Kevin Frazier, Senior Official at the Energy Department’s Loan Programs Office, mentioned, “This funding demonstrates the urgency to compete within the EV market. We aim for American-made products to be front and center, especially as we engage with suppliers to position ourselves against more affordable Chinese market options.”

Collaboration between companies like Stellantis and CATL, and Ford and SK, indicates not only a growing emphasis on power-efficient production methods but also highlights the importance of domestic capabilities within the larger global supply chain. From local sourcing of materials to the establishment of manufacturing plants on the continent, such initiatives address the rising demand for electric vehicles within Europe and the U.S.

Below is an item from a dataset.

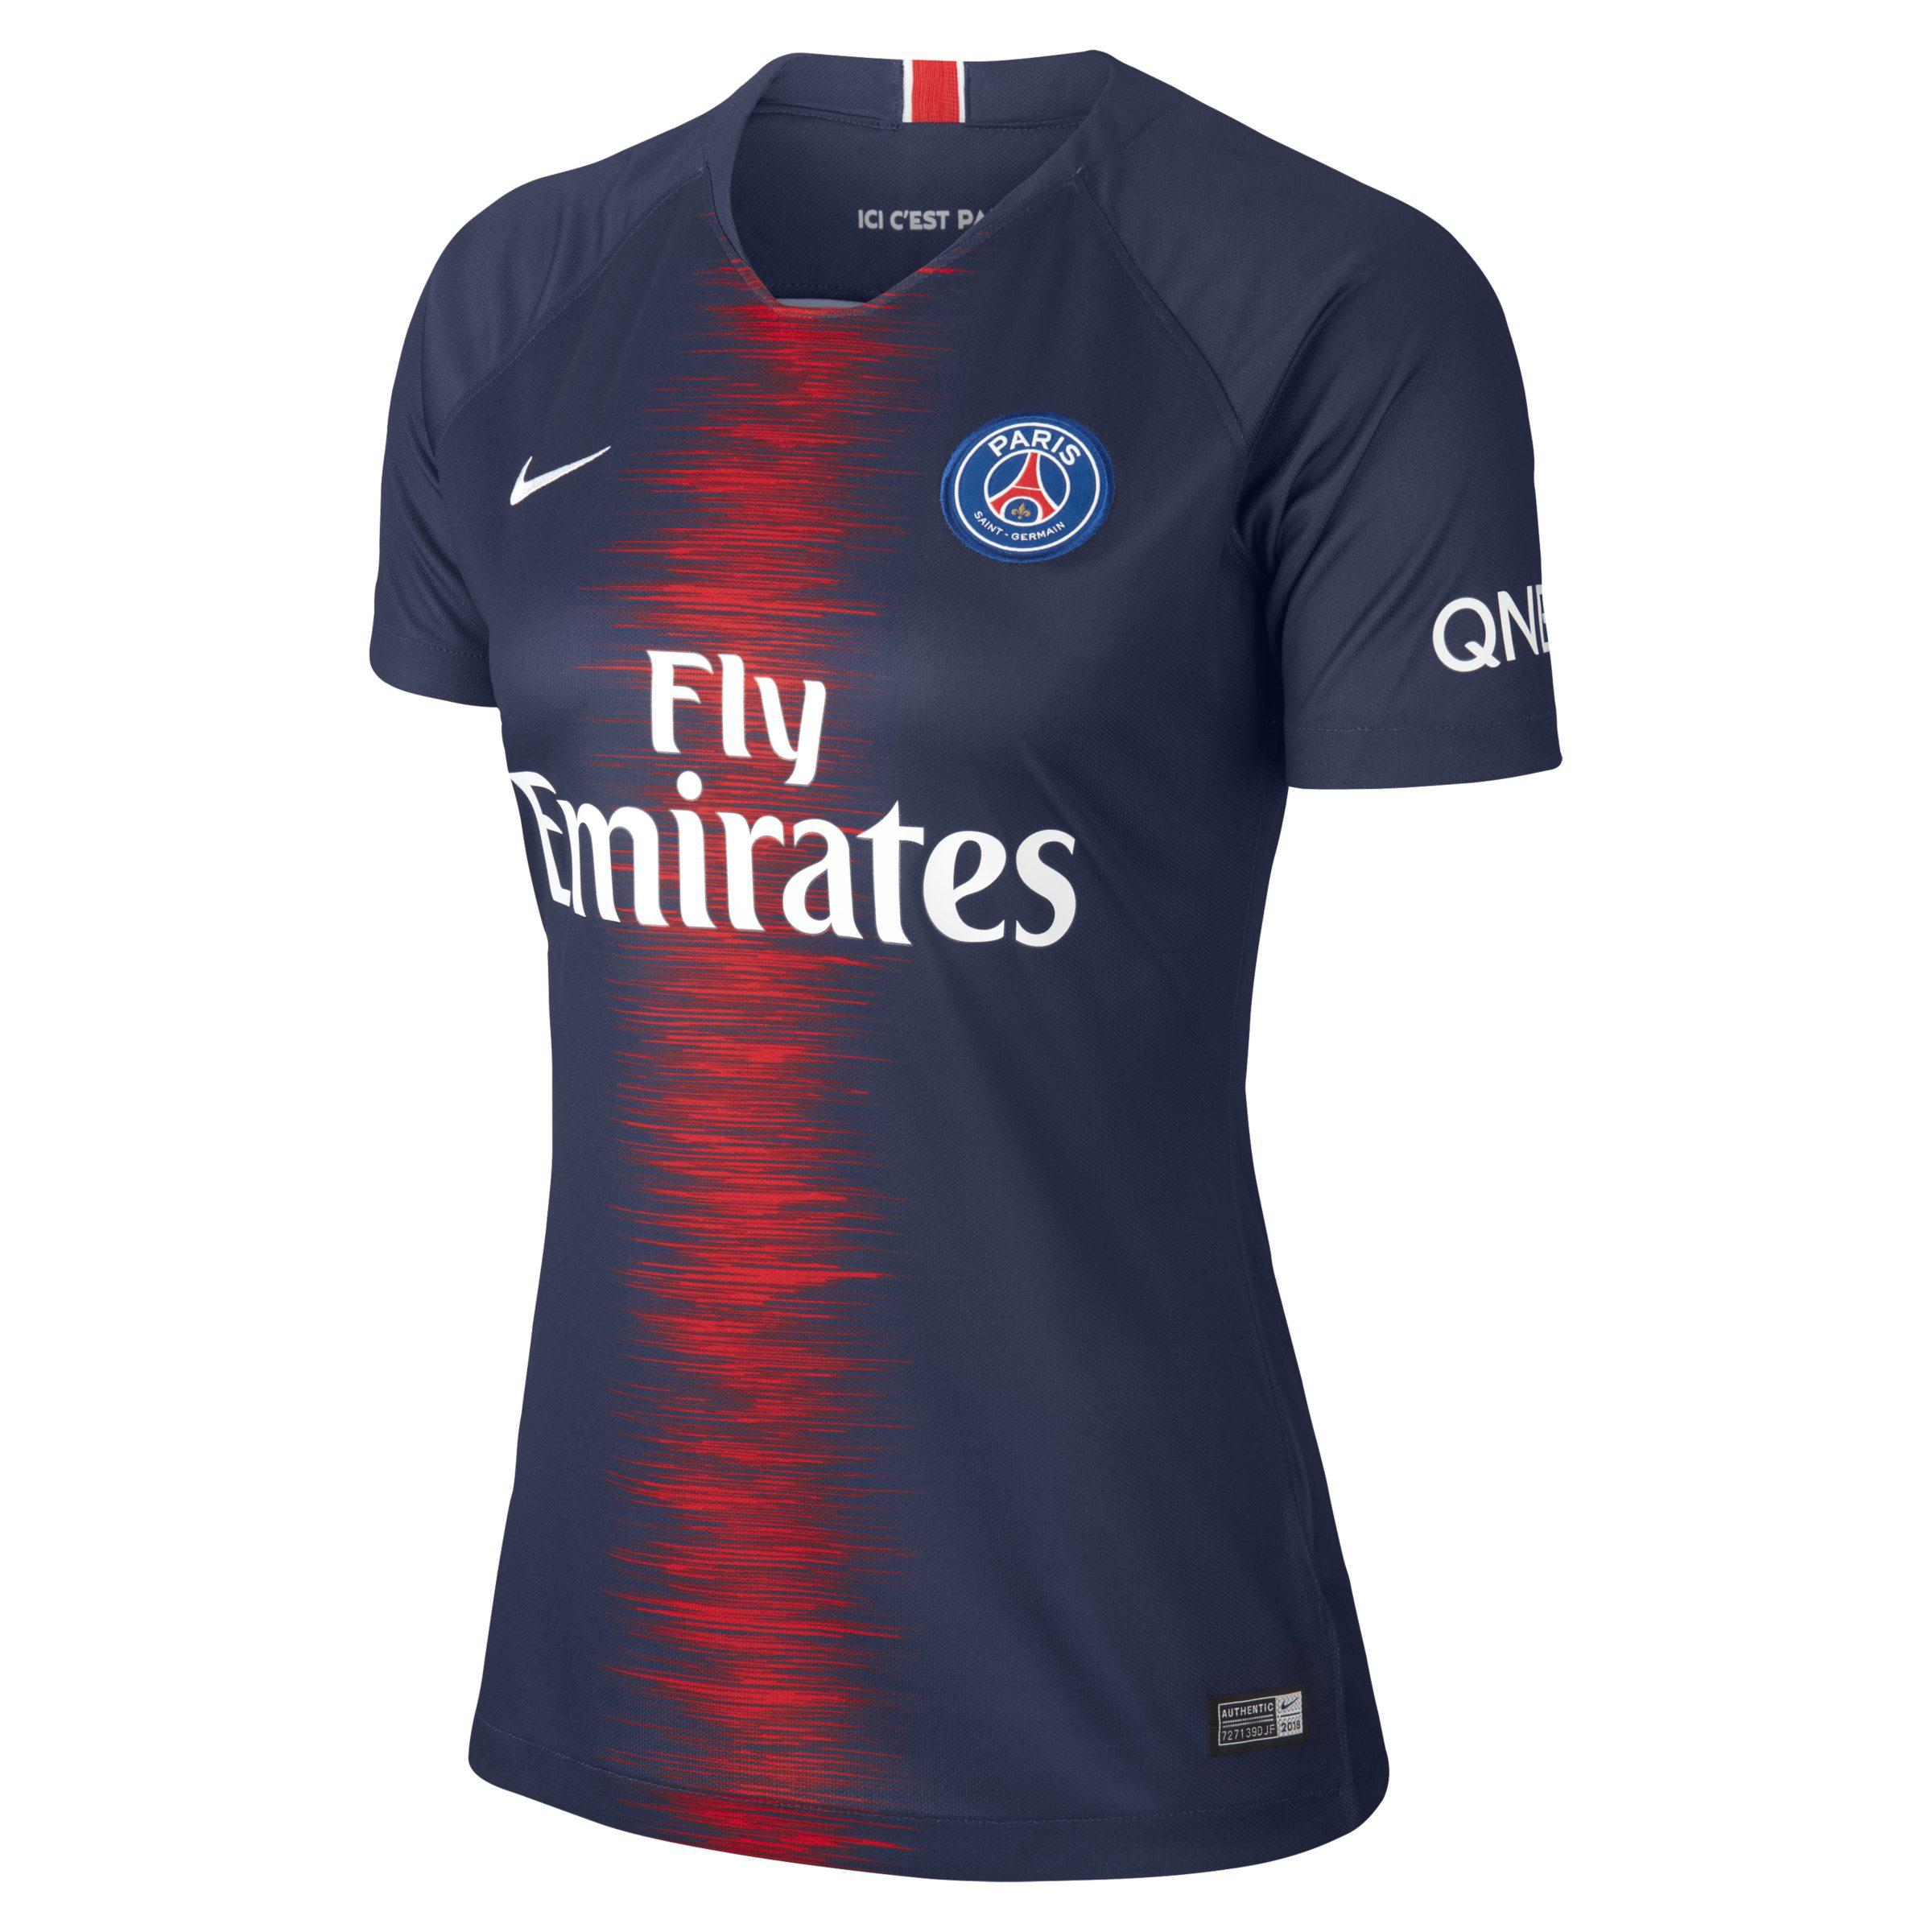 a28be80764792 Nike. Women s Blue 2018 19 Paris Saint-germain Stadium Home Football Shirt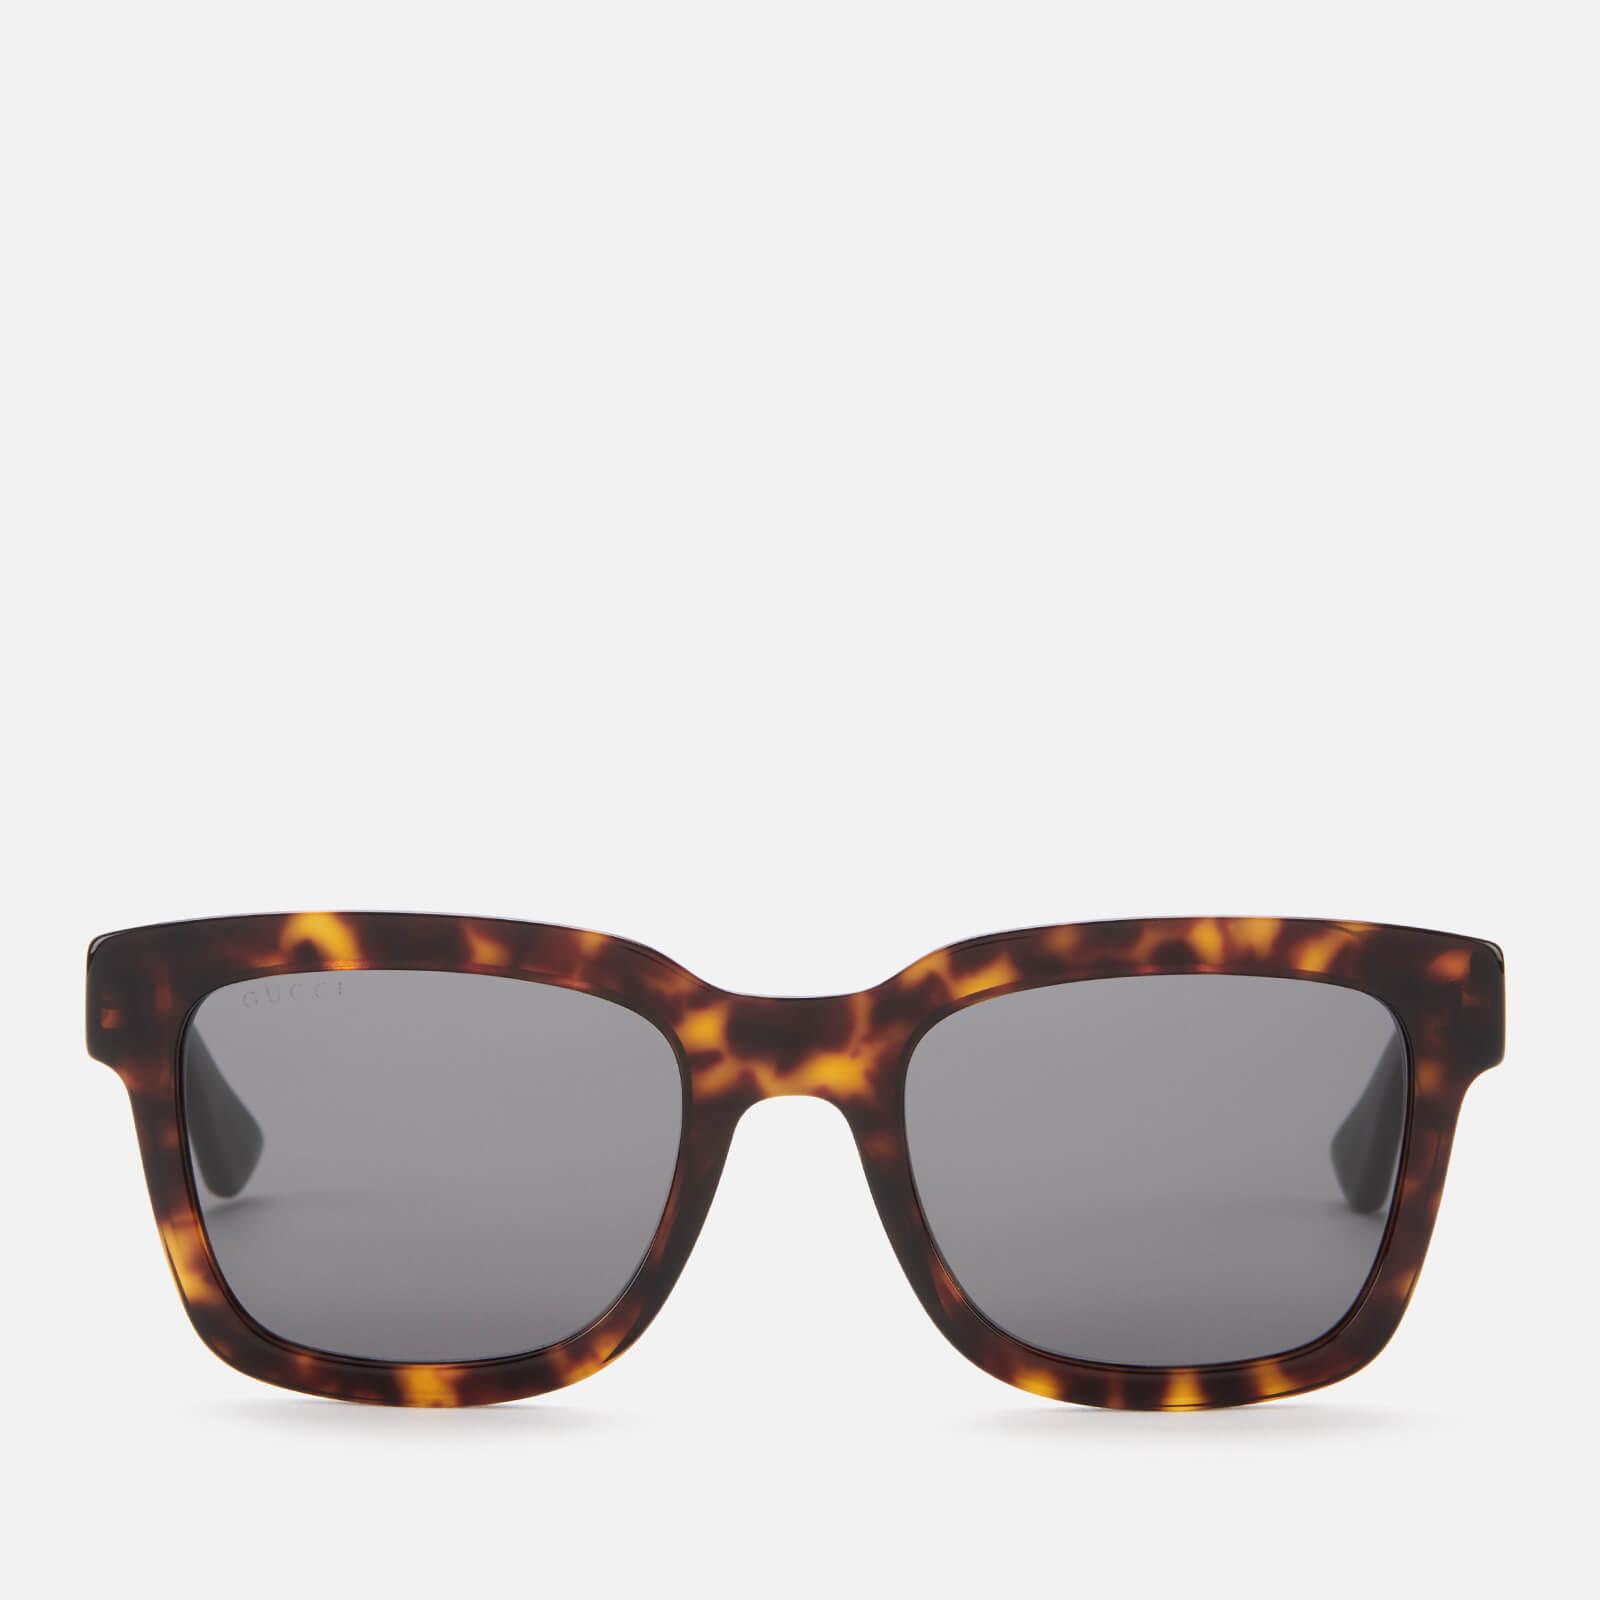 Gucci Men's Acetate Square Frame Sunglasses - Havana/Green/Grey

On top of the factory construction, these companies have set ambitious goals for their respective EV markets. The competitive dynamics are shifting rapidly, and the push for localization of supply chains within the EV sector is steadily transforming the automotive industry. The steps taken by both Stellantis with CATL and Ford with SK underline the commitment to providing cleaner alternatives and the power of collaboration as they navigate their way through this ever-evolving market.

Looking at 2024, the automotive industry is poised on the brink of change, with battery technology at its core. With both companies investing heavily and combining their strengths, they are not only transforming their portfolios but also addressing the larger climate crisis by encouraging sustainability through innovative advancements. It's clear the joint ventures have the potential to shape the future of electric vehicle production and drive the narrative for cleaner, greener transportation forward.

With energy demands expected to escalate, the advancements within this sector signal optimism. The moves by giants like Stellantis, CATL, Ford, and SK are setting new standards and paving the way for both established players and newcomers to contribute to this necessary transformation for our planet.